Your goal: The answer is the full listing below, copied exactly, with its pictures omitted.

Data segment:

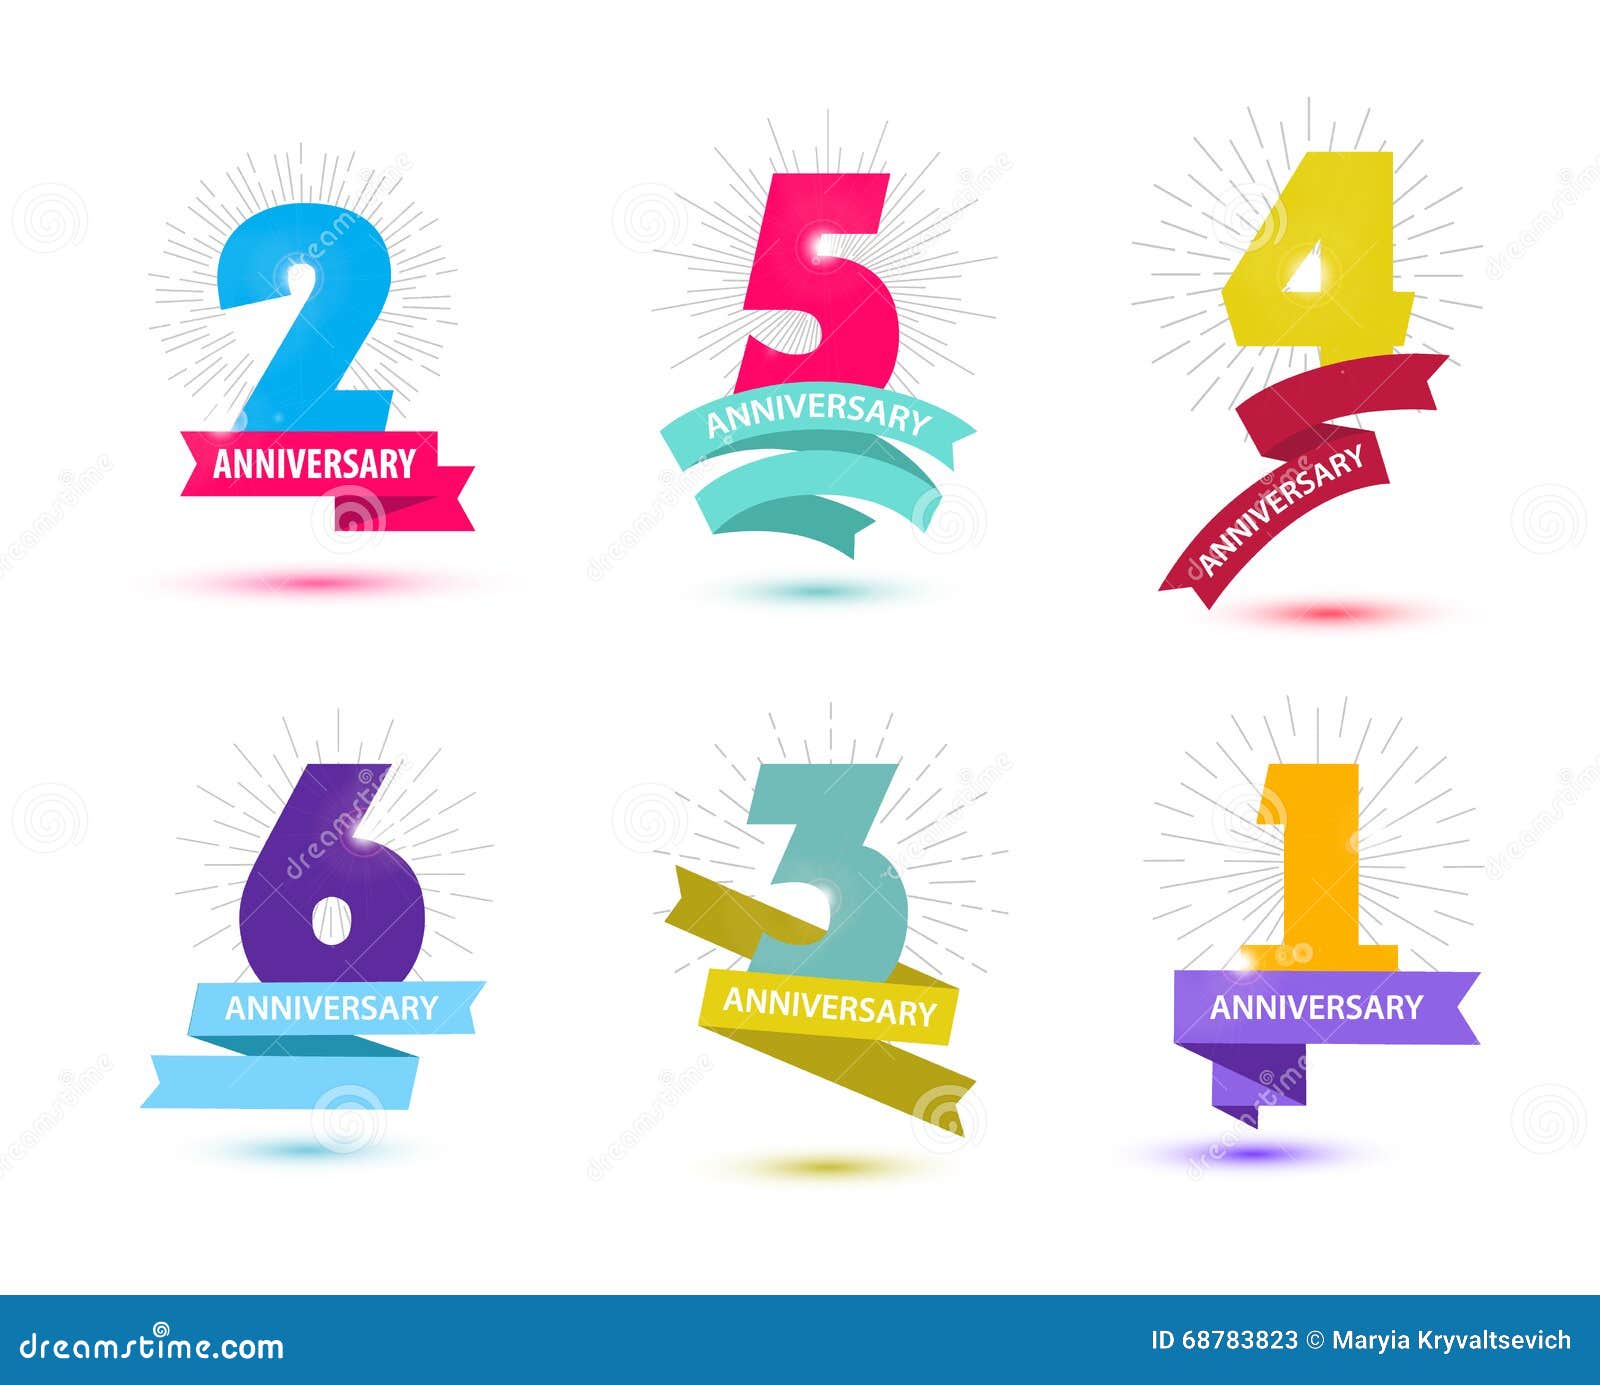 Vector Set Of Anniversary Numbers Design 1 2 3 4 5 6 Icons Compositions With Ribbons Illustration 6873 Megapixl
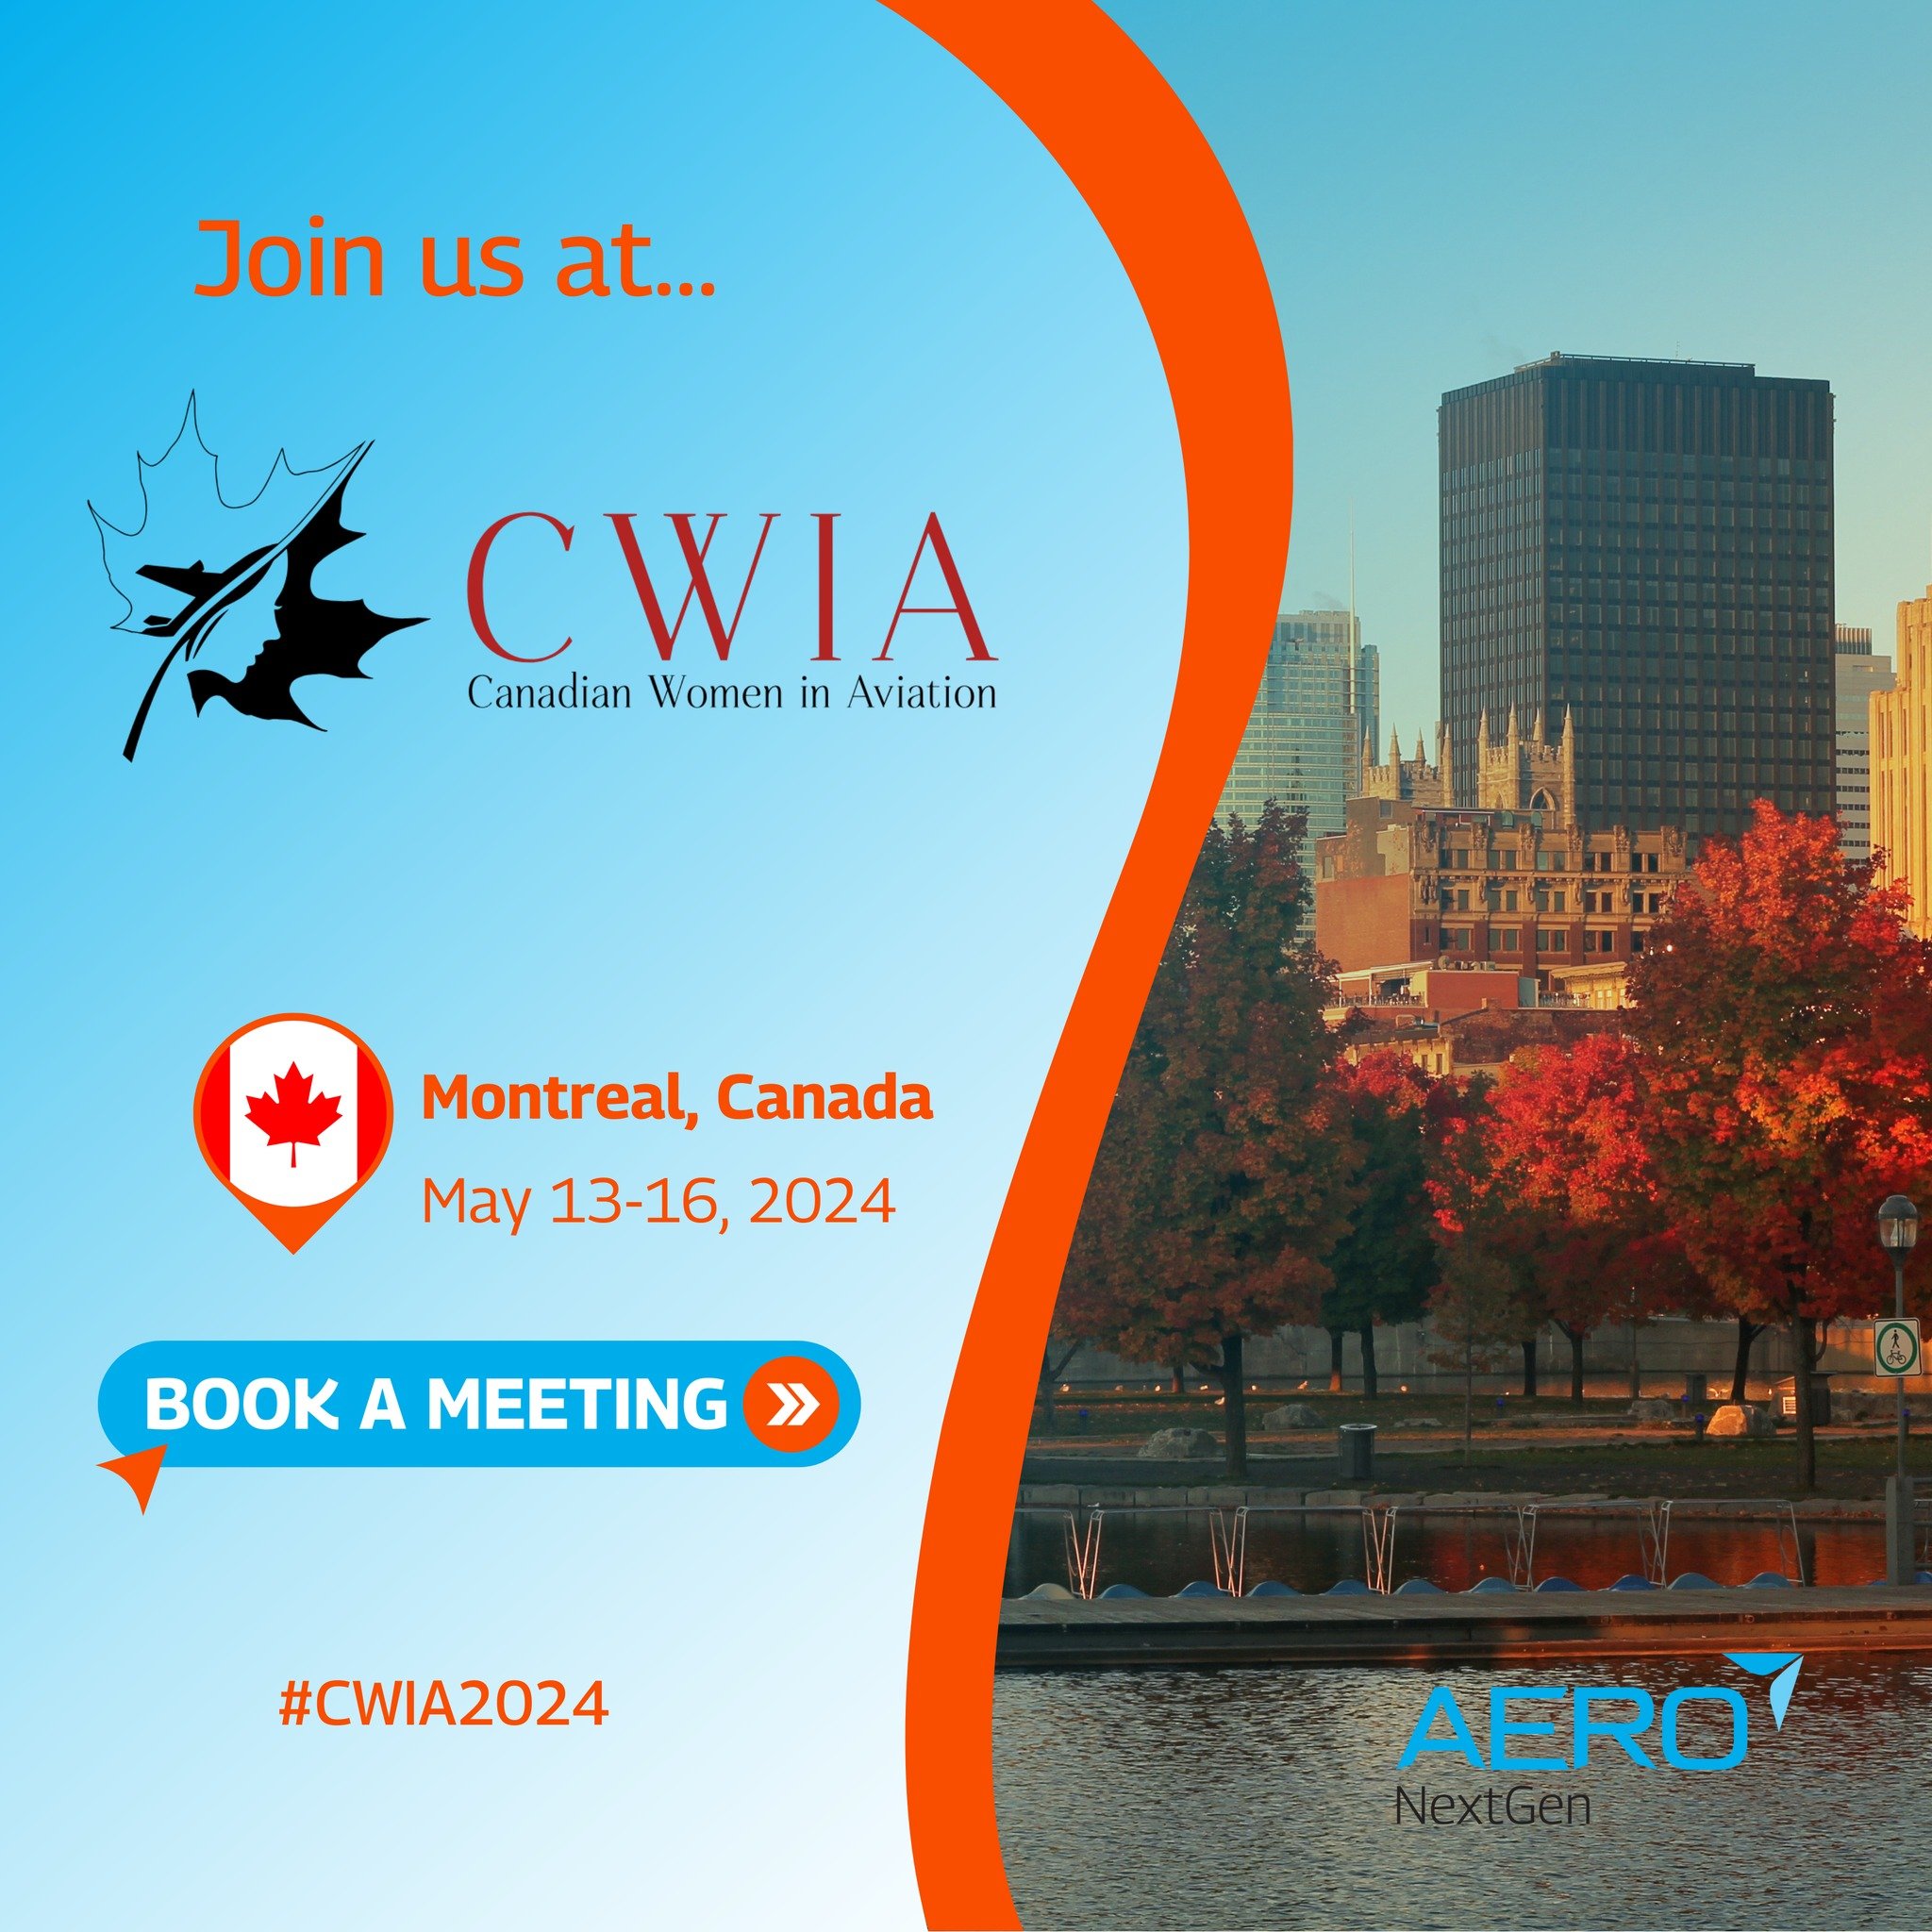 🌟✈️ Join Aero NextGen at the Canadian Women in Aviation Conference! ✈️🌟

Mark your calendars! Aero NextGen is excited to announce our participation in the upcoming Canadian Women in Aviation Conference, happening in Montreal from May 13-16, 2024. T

Task result:
 Vector Set Of Anniversary Numbers Design 1 2 3 4 5 6 Icons Compositions With Ribbons Illustration 6873 Megapixl
 🌟✈️ Join Aero NextGen at the Canadian Women in Aviation Conference! ✈️🌟

Mark your calendars! Aero NextGen is excited to announce our participation in the upcoming Canadian Women in Aviation Conference, happening in Montreal from May 13-16, 2024. T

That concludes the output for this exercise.